Techniques for Predicting the Future

At the beginning of his intriguing study of ancient techniques of divination, Robert Temple describes a hair-raising ‘descent into Hell’: after years of trying to gain access to the Oracle of the Dead at Baiae in southern Italy, he finally entered the system of dark, hot and narrow tunnels that led down to an artificial River Styx. The ancient complex, thought to pre-date the Nekromanteion of classical Greece, would allow supplicants with enough wealth and nerve to visit the underworld, cross the Styx and consult the dead – without dying themselves.

Later in the book, Temple discusses in detail other oracles, portents and divination by entrails in western traditions and, in the East, oracle bone-cracking and the I Ching. He concentrates on these major techniques; but I had an irresistible urge to explore further afield. Here is my personal selection of methods for predicting what will be…

Apantomancy: chance encounters with animals, such as black cats, bringing good luck or bad.
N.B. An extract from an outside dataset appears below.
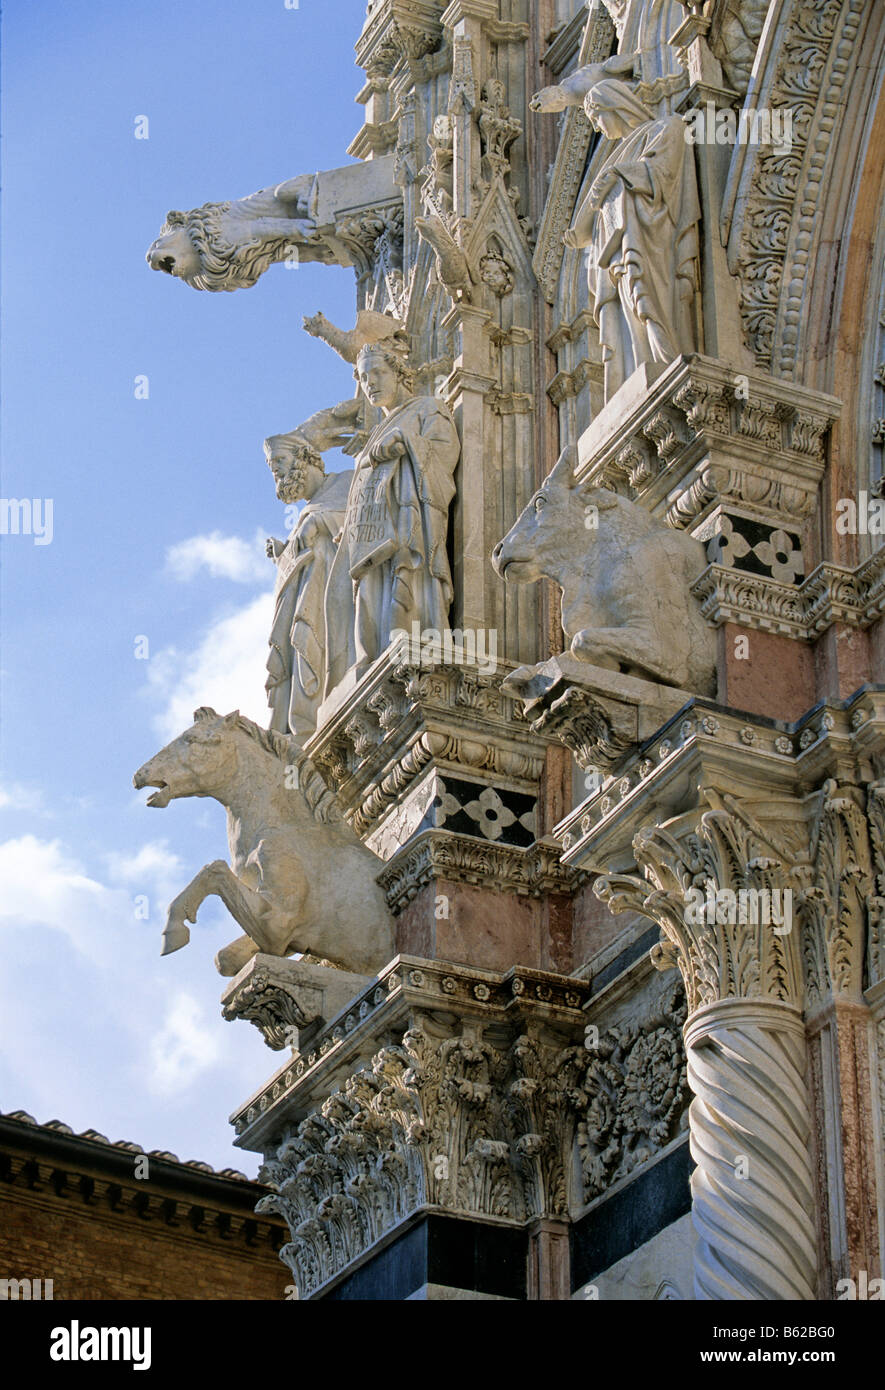 Duomo di Santa Maria Assunta, facciata, dettaglio con statue, figure di animali, Siena, Toscana, Italia, Europa Foto Stock

Chosen because I have a favourite print showing Black Shuck, the huge black dog who can be encountered – for good or ill – on a dark night in Norfolk.

Dowsing or water divining: this is the ancient art of locating water with a forked branch, rod or pendulum.

Enochian chess: invented by one of the founder members of the Hermetic Order of the Golden Dawn and based on Dr John Dee’s Enochian system of magic, this four-handed chess variant (with Osiris and Isis as king and queen) was both used as a method of divination and played as a game by the Golden Dawn. 

Gyromancy: not for those afflicted with vertigo, this is ‘divination by inference from the point at which a person walking round and round a marked circle fell down from dizziness’ (SOED)

Papyromancy: who would have thought the folded paper fortune-tellers we made at school are a proper ‘-mancy’?

Scapulimancy: on my list, not for any love of cracking fire-baked shoulder-blades, but because it was one of the most widespread methods for predicting future events across North America and Eurasia.

Batrachomancy: Frogs! Although mainly used for forecasting weather, frogs were linked with fertility in ancient Egypt. According to Cicero, ‘there is within frogs a kind of natural force for giving signs, sufficiently clear in itself but too dark for human comprehension’.

Ouija: a lot easier than descending sweltering tunnels into the bowels of the Earth, but without the patina of ages, ‘Ouija, the wonderful talking board’ first appeared in America in 1891 as a parlour game, riding the crest of a spiritualist wave. Why ‘Ouija’? Allegedly, the board spelled out its own name and when asked what it meant replied, ‘good luck’.